Module `stikpetP.tests.test_sign_ps`

Expand source code

import pandas as pd
from scipy.stats import binom
from statistics import NormalDist
from ..other.table_cross import tab_cross

def ts_sign_ps(field1, field2, levels=None, dmu=0, method="exact"):
    '''
    Sign Test (Paired Samples)
    --------------------------
    This test compares the number of pairs that have a difference above the hypothesized difference, with those below the difference. It can be considered an alternative for the paired samples t-test.
    
    Parameters
    ----------
    field1 : pandas series
        the ordinal or scale scores of the first variable
    field2 : pandas series
        the ordinal or scale scores of the second variable
    levels : list or dictionary, optional
        the levels from field1 and field2
    dmu : float, optional
        the hypothesized difference between each pair. Default is 0.
    method : {"exact", "appr"}, optional
        test to be used. Default is "exact".
        
    Returns
    -------
    Dataframe with:
    
    * *n pos*, the number of pairs with a difference above dmu
    * *n neg*, the number of pairs with a difference below dmu
    * *statistic*, the test statistic (only applicable if method="appr")
    * *p-value*, the p-value (significance)
    
    Notes
    -----
    If method="exact" the binomial distribution will be used.

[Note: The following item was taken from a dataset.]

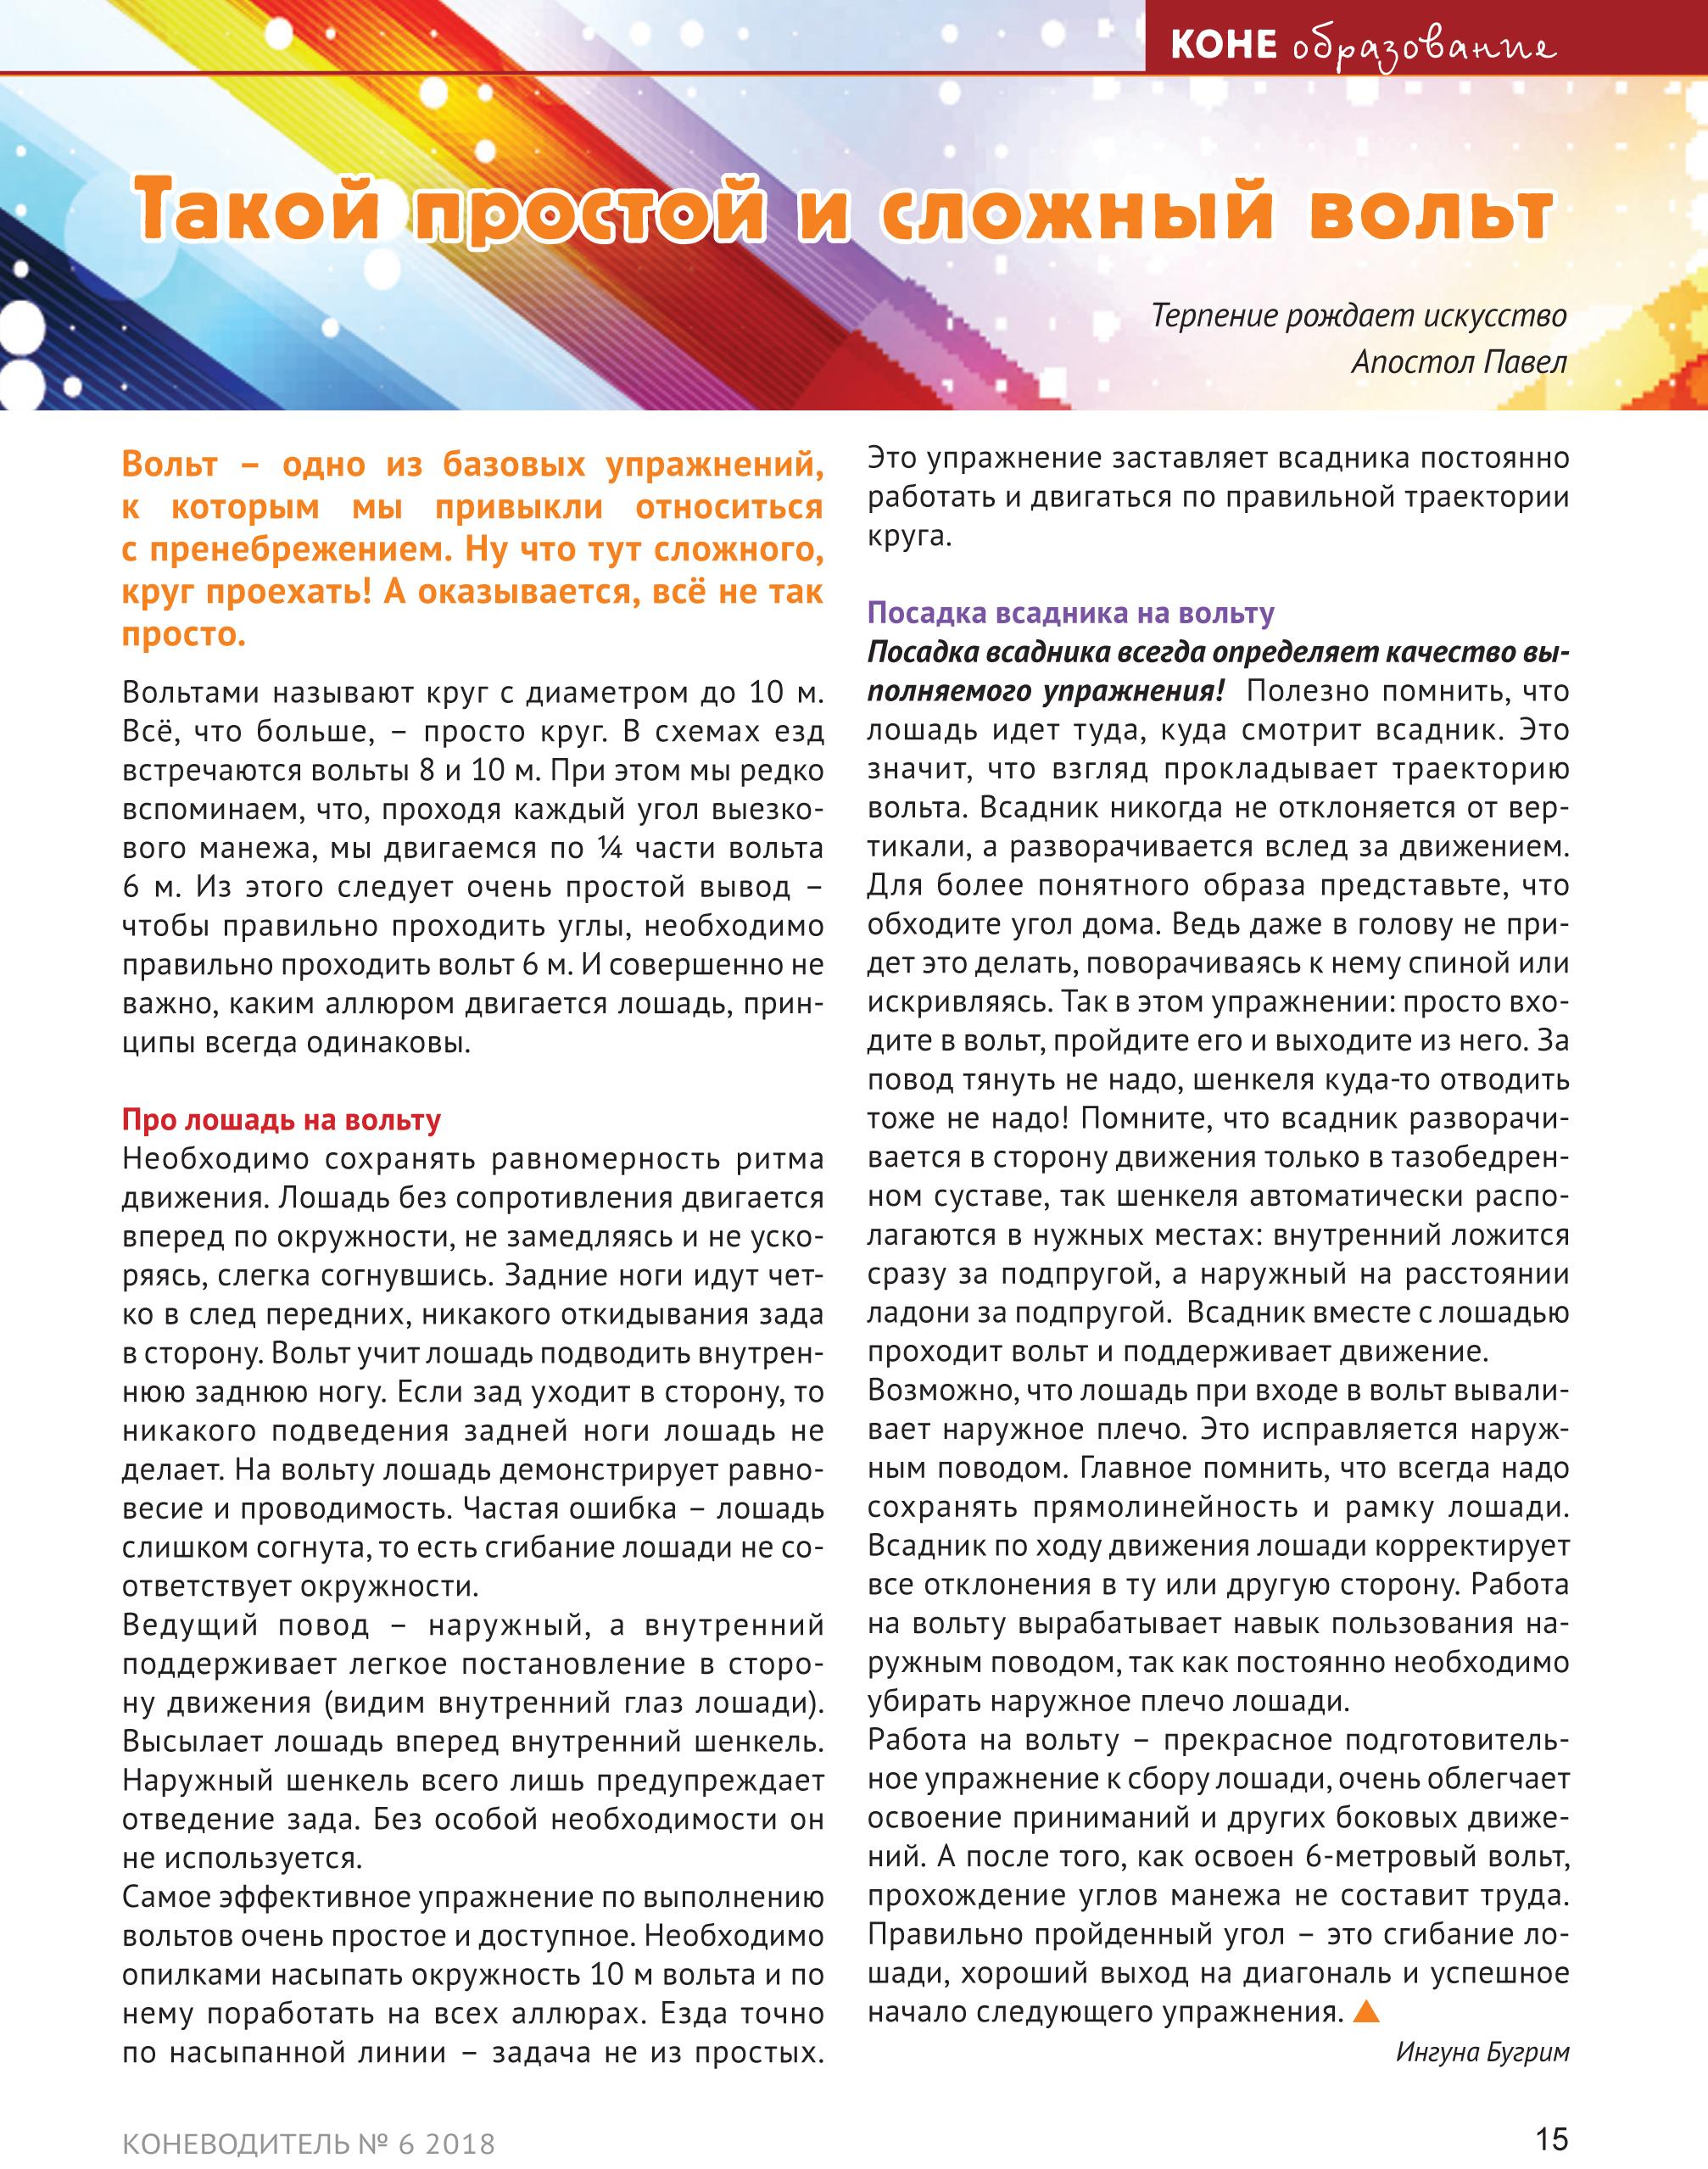 Book KONEVODITEL 62018 print-15

The formula used is (Dixon & Mood, 1946):
    $$sig. = 2\\times Bin\\left(n, \\min\\left(n_{pos}, n_{neg}\\right), \\frac{1}{2}\\right)$$
    
    When using the approximation, the standard normal distribution is used (SPSS, 2006, p. 483):
    $$z = \\frac{\\max\\left(n_{pos}, n_{neg}\\right)-0.5\\times\\left(n_{pos} + n_{neg}\\right)-0.5}{0.5\\times\\sqrt{n_{pos}+n_{neg}}}$$
    $$sig. = 2\\times\\left(1 - \\Phi\\left(\\left|z\\right|\\right)\\right)$$
    
    With:
    $$n_{pos}=\\sum_{i=1}^n \\begin{cases} 1 & \\text{ if } d_i>d_{H0} \\\\ 0 & \\text{ if } d_i\\leq d_{H0} \\end{cases}$$
    $$n_{neg}=\\sum_{i=1}^n \\begin{cases} 1 & \\text{ if } d_i\\geq d_{H0} \\\\ 0 & \\text{ if } d_i<d_{H0} \\end{cases}$$
    $$d_i = x_i - y_i$$
    
    The test was already described by Arbuthnott (1710)
    
    *Symbols used*
    
    * \\(n\\), is the number of cases unequal to a difference of 0
    * \\(n_{pos}\\), the number of pairs with a difference greater than the null hypothesis
    * \\(n_{neg}\\), the number of pairs with a difference greater than the null hypothesis
    * \\(d_{H0}\\), the difference according to the null hypothesis, usually 0
    * \\(x_i\\), is the i-th score from the first variable
    * \\(y_i\\), is the i-th score from the second variable
    * \\(\\text{Bin}\\left(\\dots\\right)\\), is the binomial cumulative distribution function
    * \\(\\Phi\\left(\\dots\\right)\\), is the cumulative distribution function of the standard normal distribution

    References
    ----------
    Arbuthnott, J. (1710). An argument for divine providence, taken from the constant regularity observed in the births of both sexes. *Philosophical Transactions of the Royal Society of London, 27*(328), 186–190. doi:10.1098/rstl.1710.0011
    
    Dixon, W. J., & Mood, A. M. (1946). The statistical sign test. *Journal of the American Statistical Association, 41*(236), 557–566. doi:10.1080/01621459.1946.10501898
    
    SPSS. (2006). SPSS 15.0 algorithms.

    Author
    ------
    Made by P. Stikker
    
    Companion website: https://PeterStatistics.com  
    YouTube channel: https://www.youtube.com/stikpet  
    Donations: https://www.patreon.com/bePatron?u=19398076   
    
    
    '''
    
    ct = tab_cross(field1, field2, order1=levels, order2=levels)
    k1 = ct.shape[0]
    k2 = ct.shape[1]
    
    if levels is not None:
        #replace row labels with numeric score
        ct = ct.reset_index(drop=True) 
        ct.columns = [i for i in range(0, k2)]
    
    npos = 0
    nneg = 0
    for i in range(0, k1):
        for j in range(0, k2):
            if i != j:
                if ct.index[i] - ct.columns[j] > dmu:
                    npos = npos + ct.iloc[i, j]
                elif ct.index[i] - ct.columns[j] < dmu:
                    nneg = nneg + ct.iloc[i, j]
                
    nc = nneg + npos
    nMin = npos
    nMax = nneg
    
    if nneg < npos:
        nMin = nneg
        nMax = npos
    
    if method == "exact":
        z = None
        p = 2 * binom.cdf(nMin, nc, 0.5)
    elif method=="appr":
        z = (nMax - 0.5 * nc - 0.5) / (0.5 * (nc)**0.5)
        p = 2 * (1 - NormalDist().cdf(abs(z)))
    
    res = pd.DataFrame([[npos, nneg, z, p]])
    res.columns = ["n pos", "n neg", "statistic", "p-value"]
    
    return res

Functions

def ts_sign_ps(field1, field2, levels=None, dmu=0, method='exact')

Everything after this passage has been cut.